AWS Glue is a serverless data
integration tool that makes finding, preparing, and combining data for
analytics, machine learning, and application development a breeze. AWS Glue has
all of the data integration features you'll need, so you can start analysing
and using your data in minutes rather than months. To make data integration
easier, AWS Glue offers both visual and code-based interfaces.
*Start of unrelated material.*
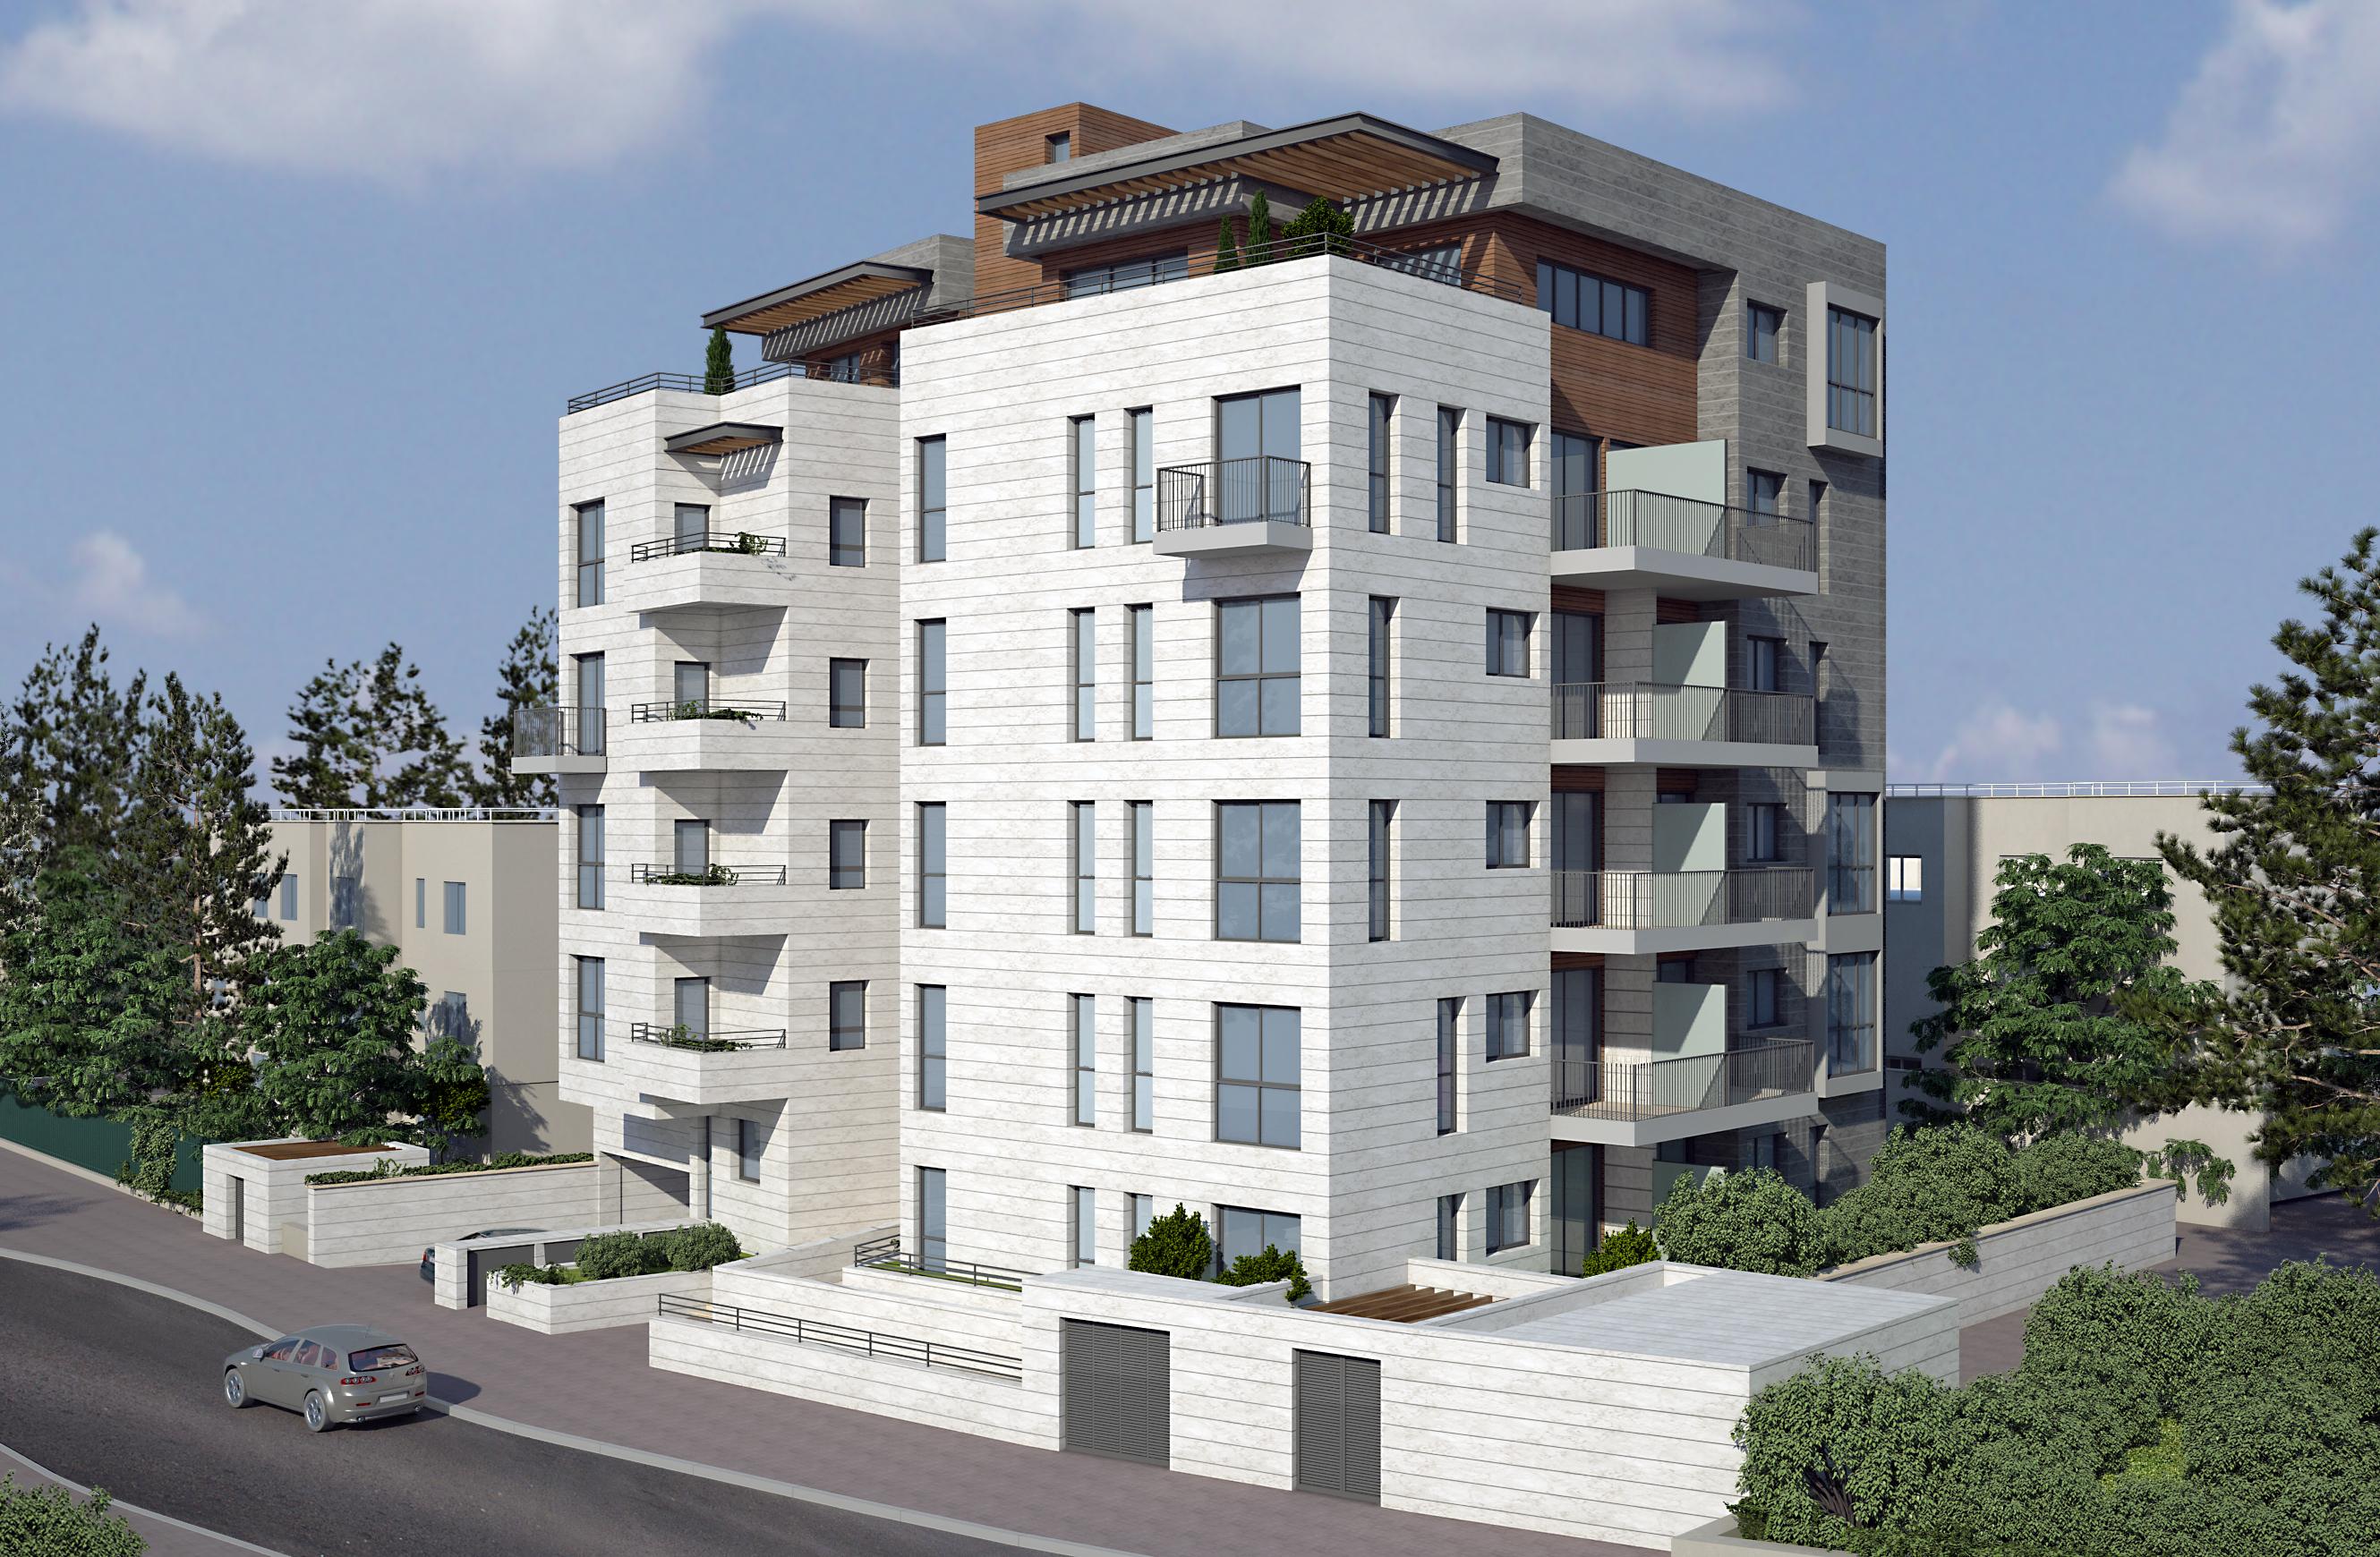 מעולה  למכירה מגרש לבנייה רוויה בירושלים - אשרובילד AshroBuild VN-98

The AWS Glue
Data Catalog allows users to quickly locate and retrieve data. With a few
clicks in AWS Glue Studio, data engineers and ETL (extract, transform, and
load) developers can graphically construct, run, and monitor ETL workflows.
Data analysts and scientists can use AWS Glue DataBrew to visually enrich,
clean, and standardise data without having to write code. Application
developers may utilise Structured Query Language (SQL) to mix and replicate
data across disparate data stores with AWS Glue Elastic Views.
AWS Cloud Practitioner Essentials
Questions and Answers
Amazon
Web Services Interview Questions and Answers
AWS Cloud Interview Questions and Answers
Ques. 1): What are your thoughts on
AWS Glue?
Answer:
AWS Glue is a service that makes
categorising, cleaning, and reliably moving data across various data stores and
data streams simple and cost effective.
- It comprises of the SWA Glue Catalog, a central metadata repository.
- By handling dependency resolution, task monitoring, and
retries, AWS Glue assists in the generation of Python or Scala code.
- AWS Glue is a serverless infrastructure that is easy to
set up and manage, and it has a dynamic frame component that we can use in
our ETL scripts.
- Dynamic Frame is the same as an Apache Spark dataframe
and is a data abstraction for organising data into rows and columns.
AWS EC2 Interview Questions and Answers
Amazon EMR Interview Questions and Answers
Amazon OpenSearch Interview Questions and Answers
Ques. 2): Which Data Stores Can I
Crawl using Glue?
Answer:
Crawlers can crawl the following data stores through a JDBC connection:
- Amazon Redshift
- Amazon Relational Database Service (Amazon RDS)
- Amazon Aurora
- Microsoft SQL Server
- MySQL
- Oracle
- PostgreSQL
- Publicly accessible databases
AWS RedShift Interview Questions and Answers
AWS FinSpace Interview Questions and Answers
AWS MSK Interview Questions and Answers
Ques. 3): What components does AWS
Glue make use of?
Answer:
AWS Glue is made up of the following
ingredients:
- Data Catalog is a Metadata Repository on the Cloud.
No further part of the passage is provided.